Given material →

•••

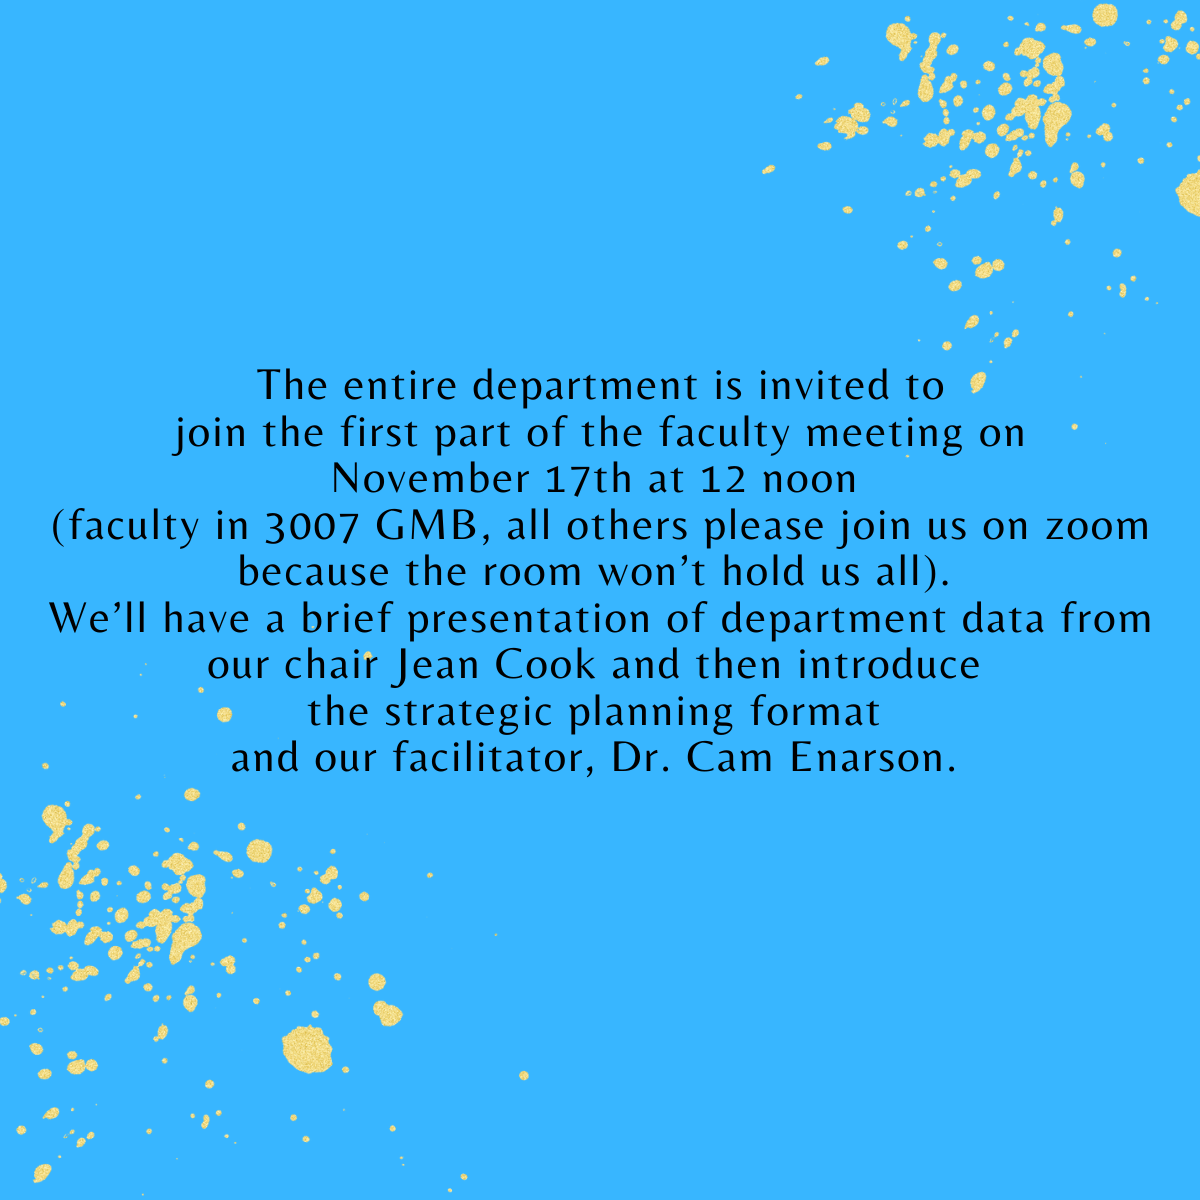 Blue background with yellow dots on sides, text "The entire department is invited to join the first part of the faculty meeting on November 17th at 12 noon (faculty in 3007 GMB, all others please join us on zoom because the room won’t hold us all). We’ll have a brief presentation of department data from our chair Jean Cook and then introduce the strategic planning format and our facilitator, Dr. Cam Enarson."
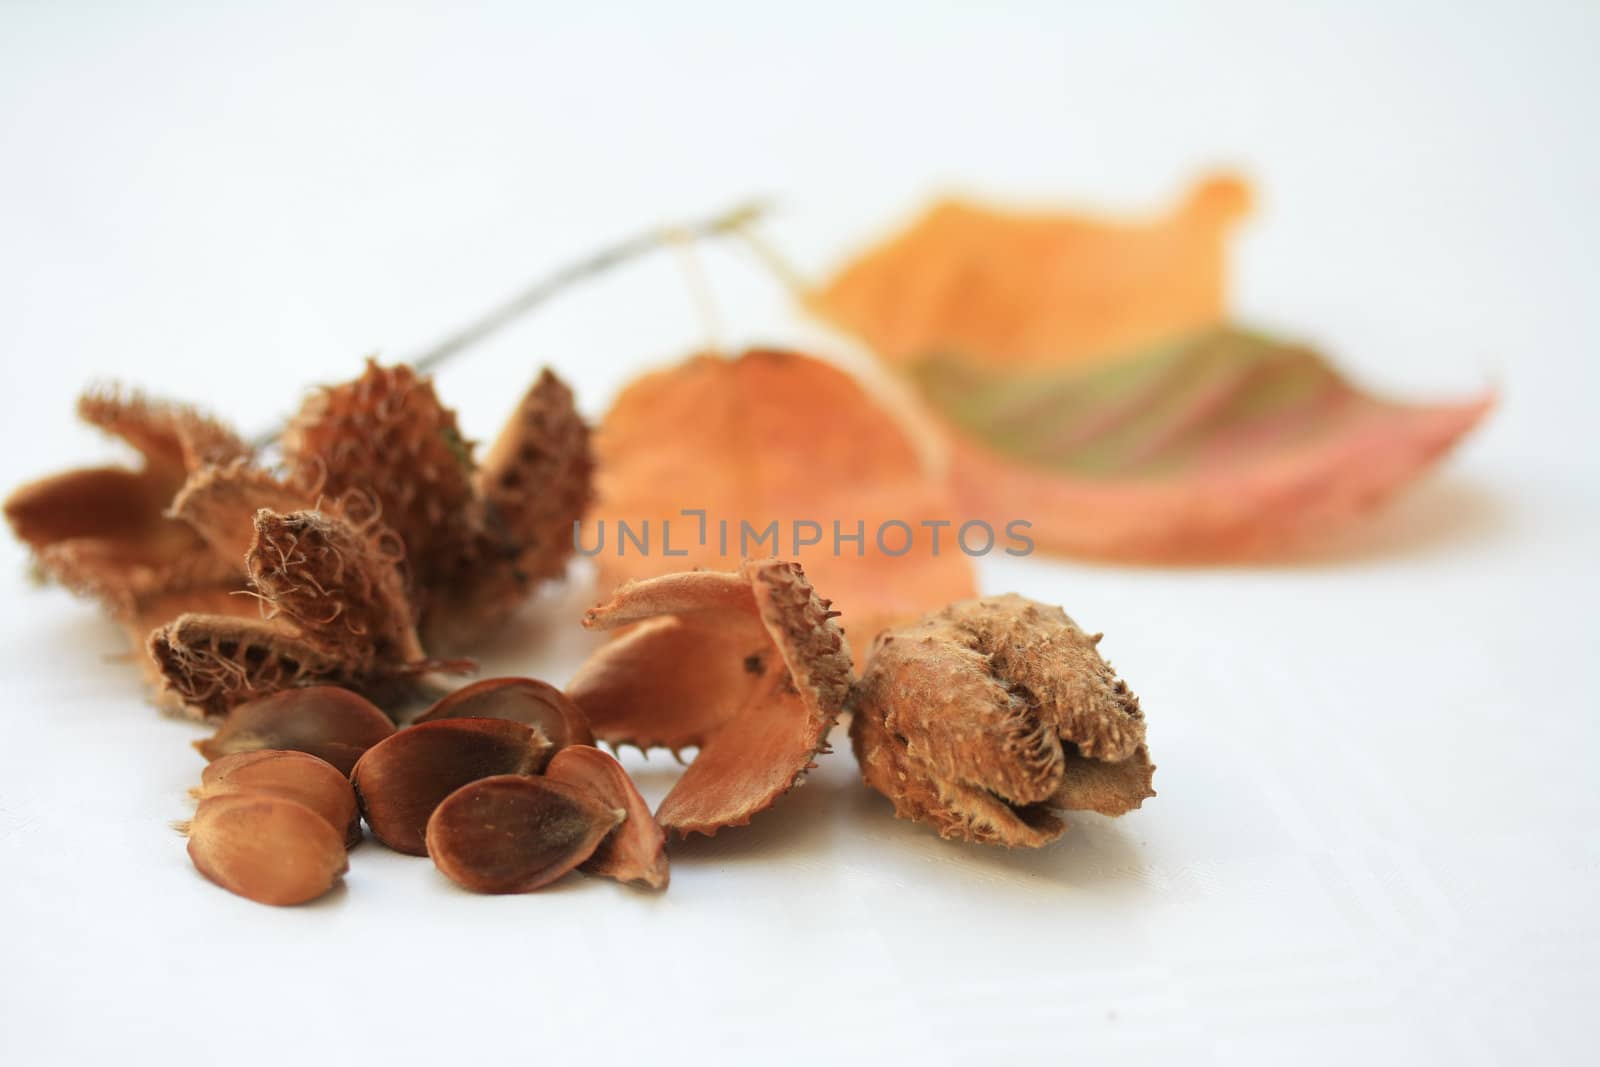 Fruits of european beech and orange leaves
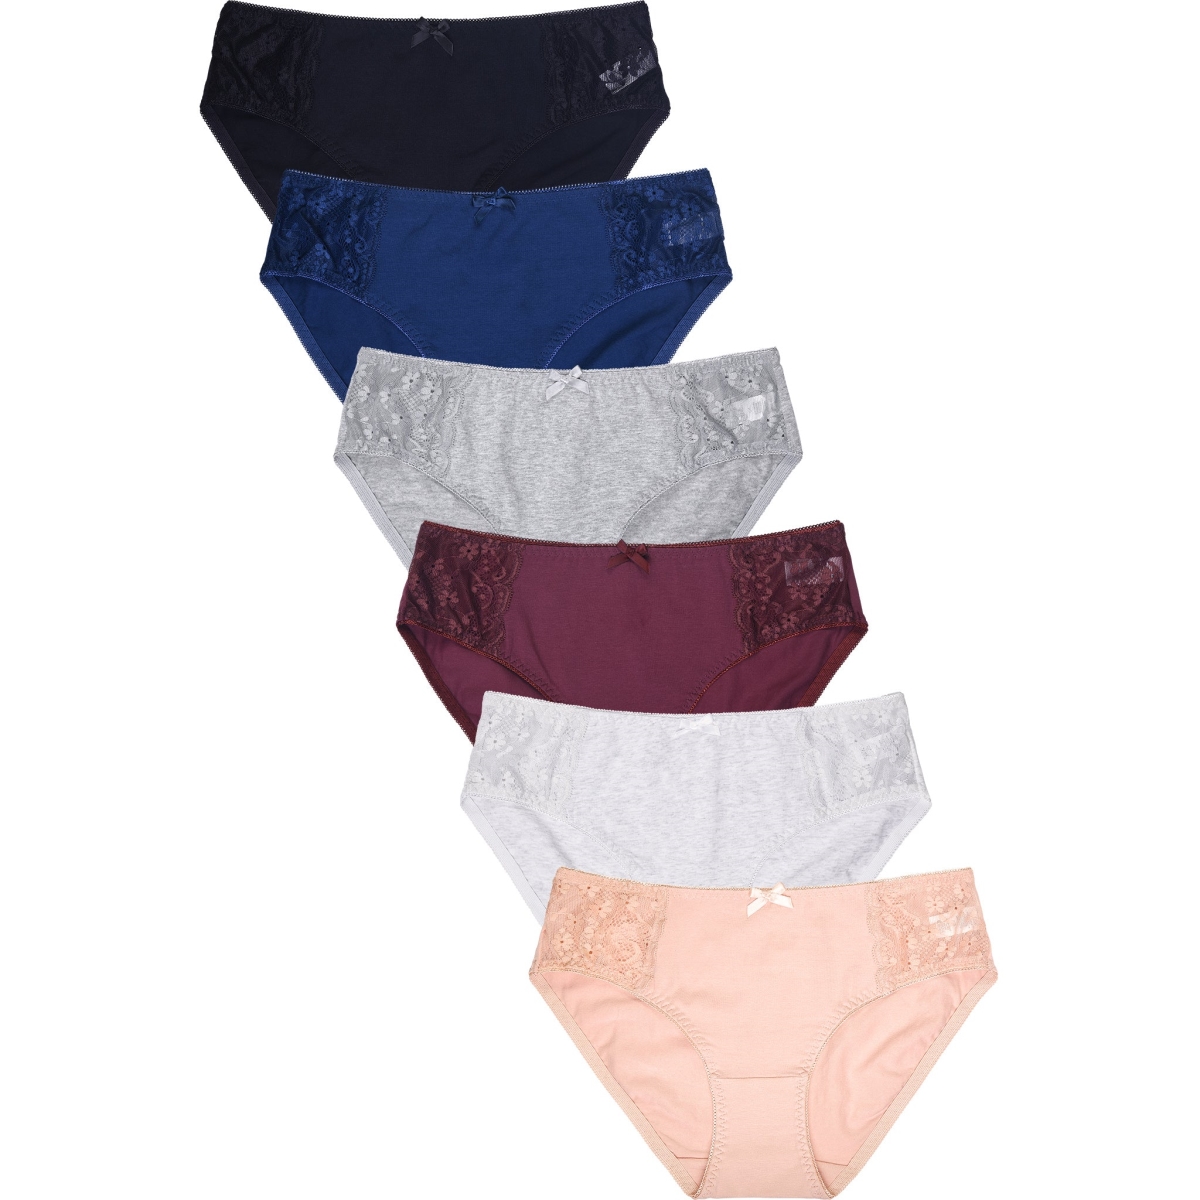 Picture of 247 Frenzy 247-LP1426CK-MD Sofra Womens Essentials Cotton Stretch Bikini Panty Underwear - Assorted Color - Medium - Pack of 6

•••

Print every line of the data exactly. Pictures do not belong in the copy.

 Blue background with yellow dots on sides, text "The entire department is invited to join the first part of the faculty meeting on November 17th at 12 noon (faculty in 3007 GMB, all others please join us on zoom because the room won’t hold us all). We’ll have a brief presentation of department data from our chair Jean Cook and then introduce the strategic planning format and our facilitator, Dr. Cam Enarson."
 Fruits of european beech and orange leaves
 Picture of 247 Frenzy 247-LP1426CK-MD Sofra Womens Essentials Cotton Stretch Bikini Panty Underwear - Assorted Color - Medium - Pack of 6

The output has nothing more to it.